(Data shown)
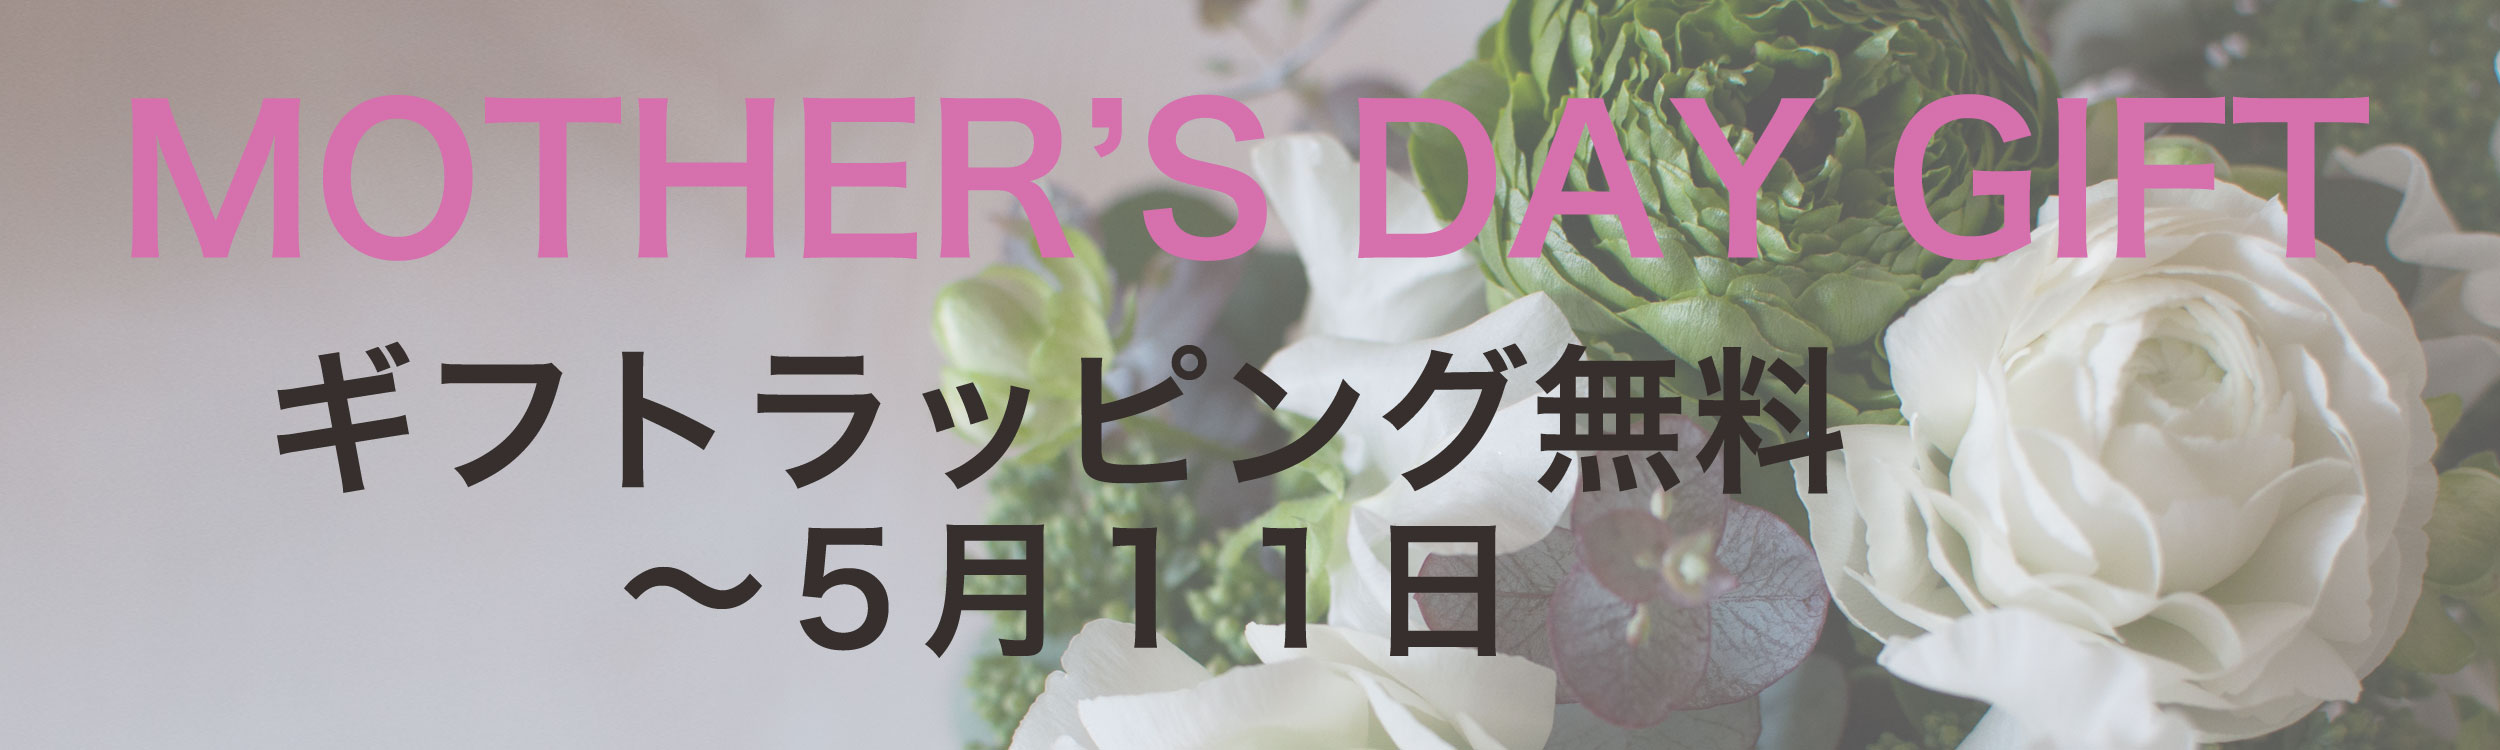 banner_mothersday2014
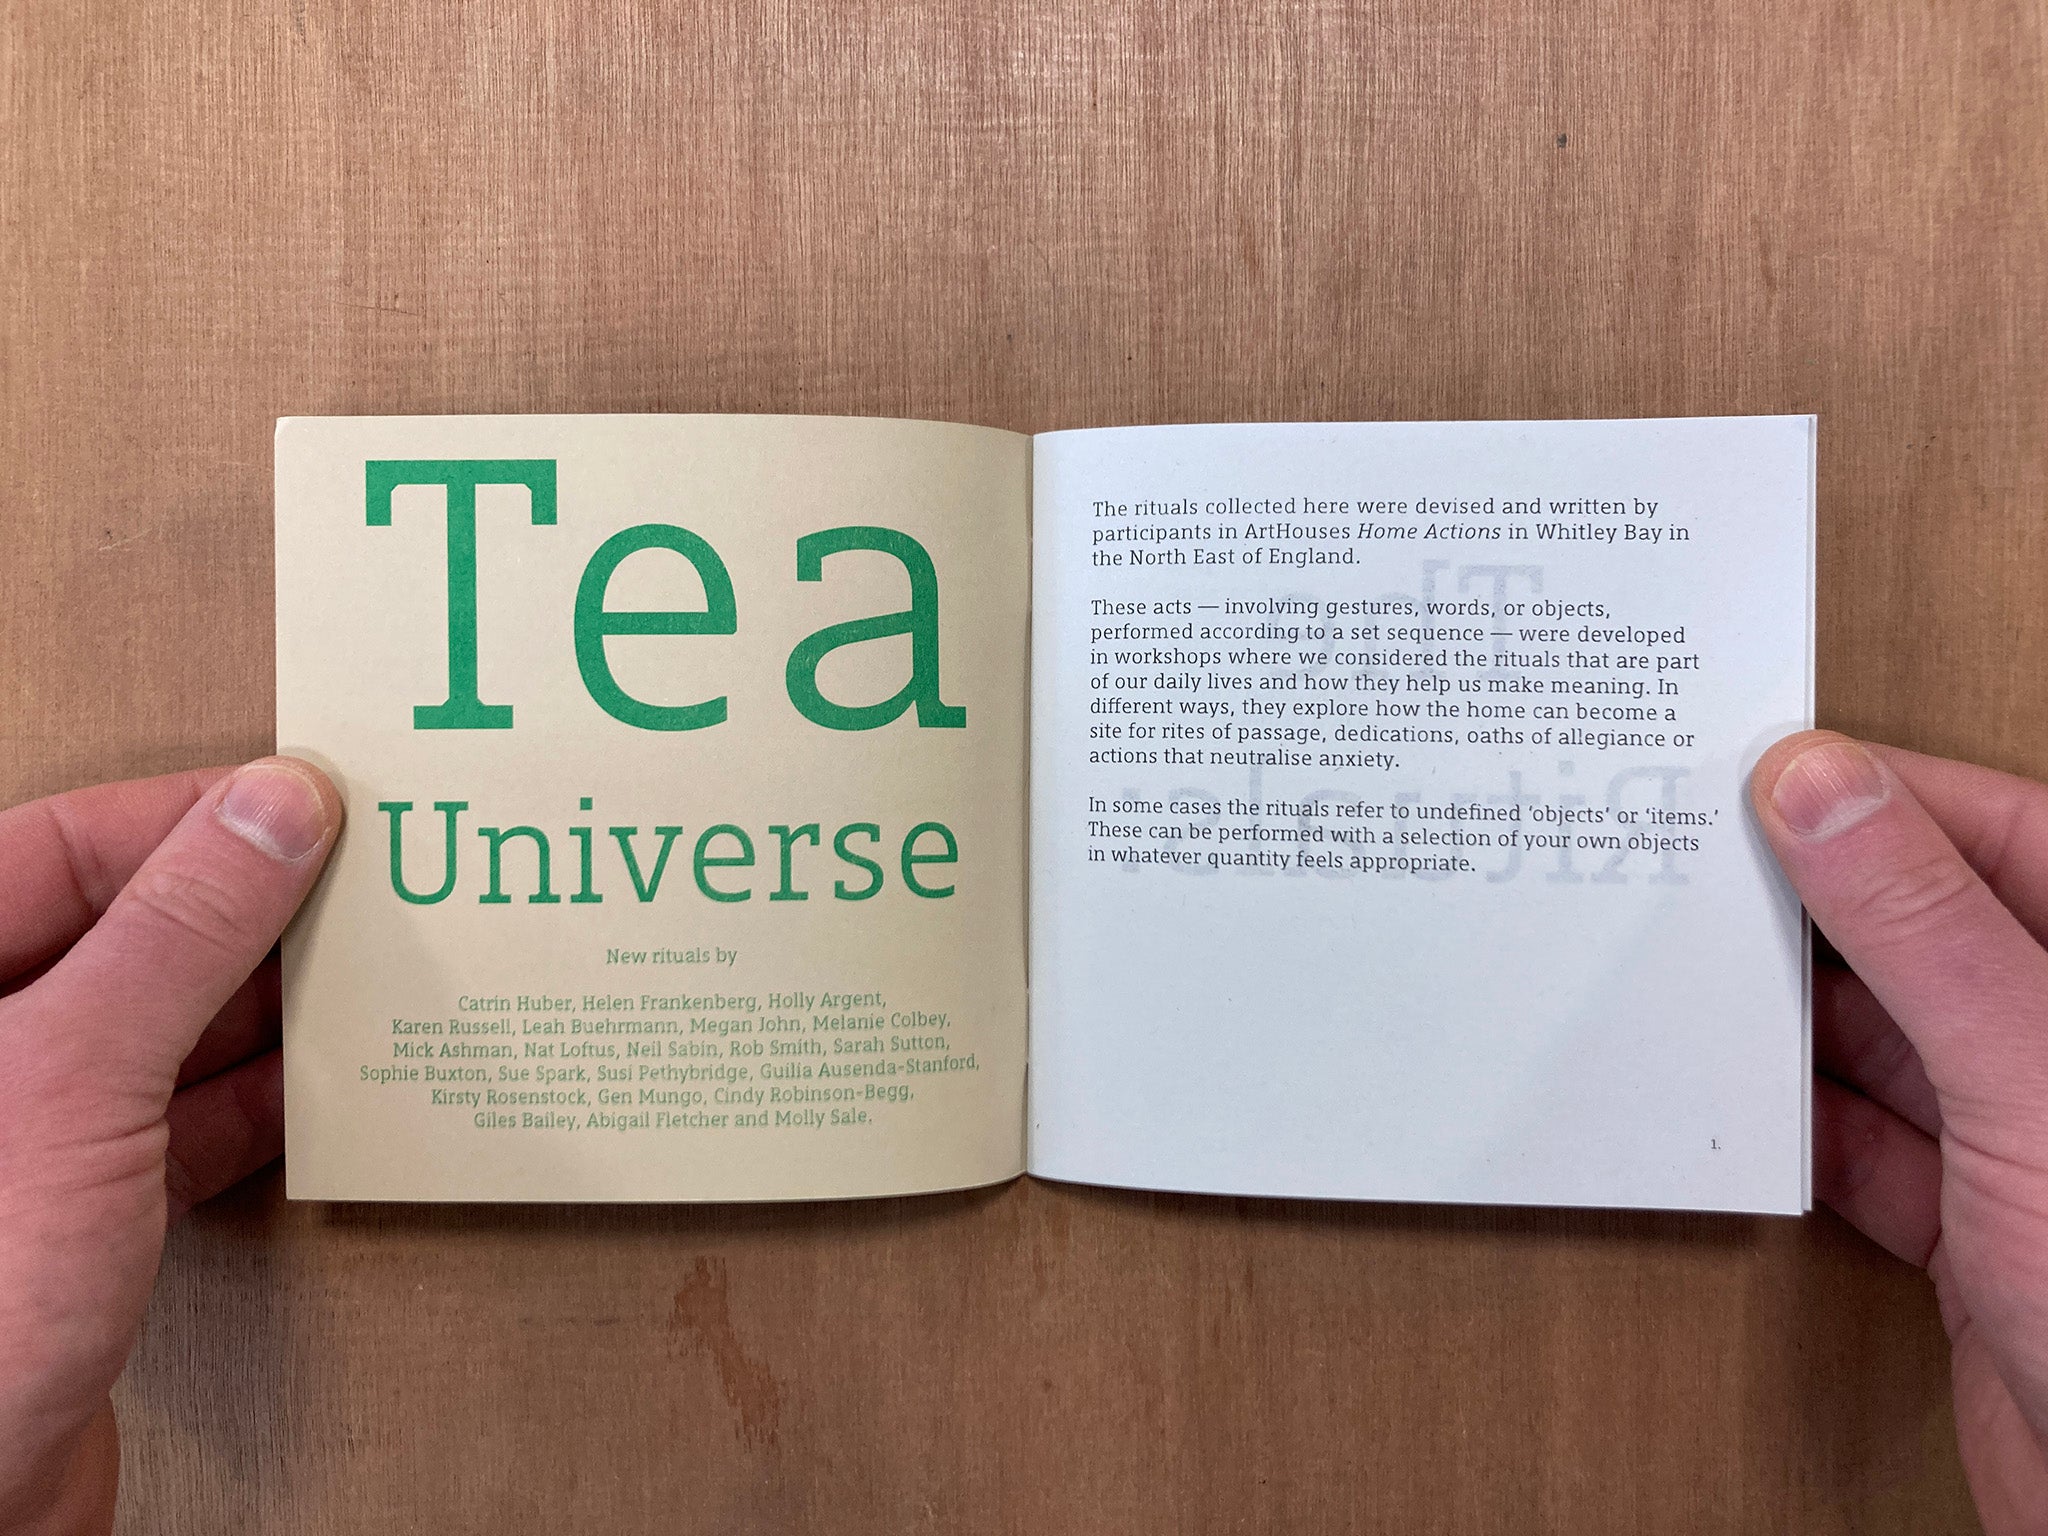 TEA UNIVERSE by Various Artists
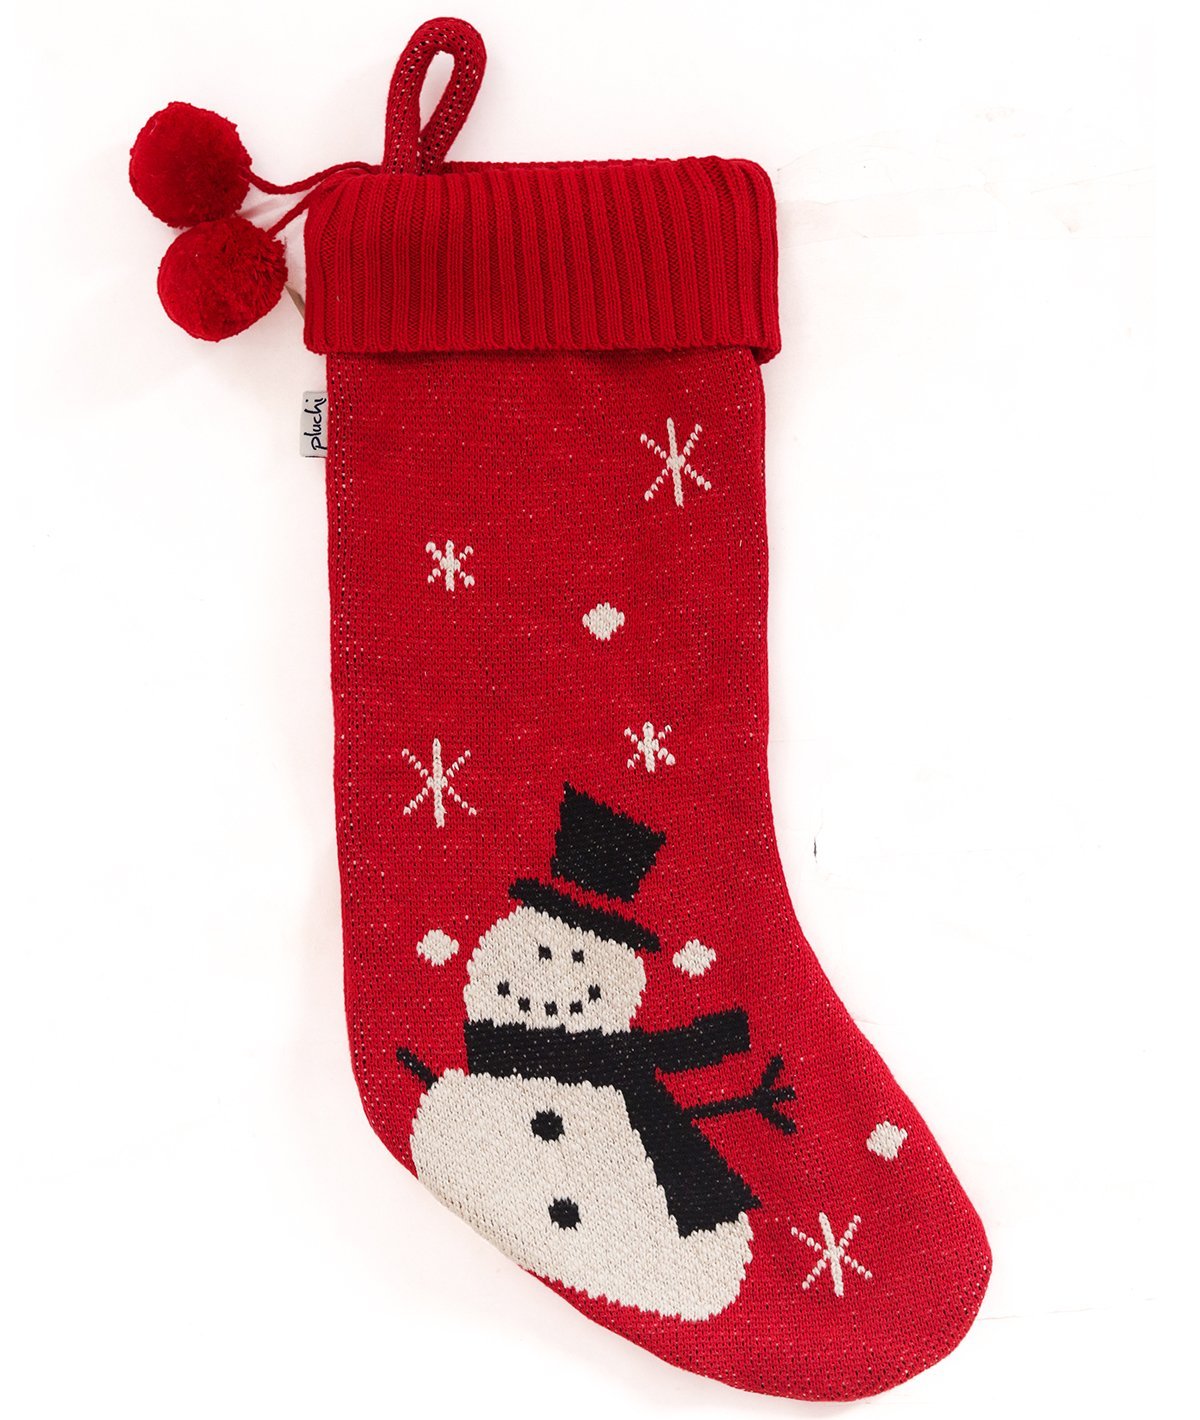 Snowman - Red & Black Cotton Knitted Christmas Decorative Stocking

(How to complete this task) Word for word, restate the lines from the one containing "TEA UNIVERSE by Various Artists" through the end of the listing, and nothing more. Skip the pictures.

(Exercise response)
 TEA UNIVERSE by Various Artists
 Snowman - Red & Black Cotton Knitted Christmas Decorative Stocking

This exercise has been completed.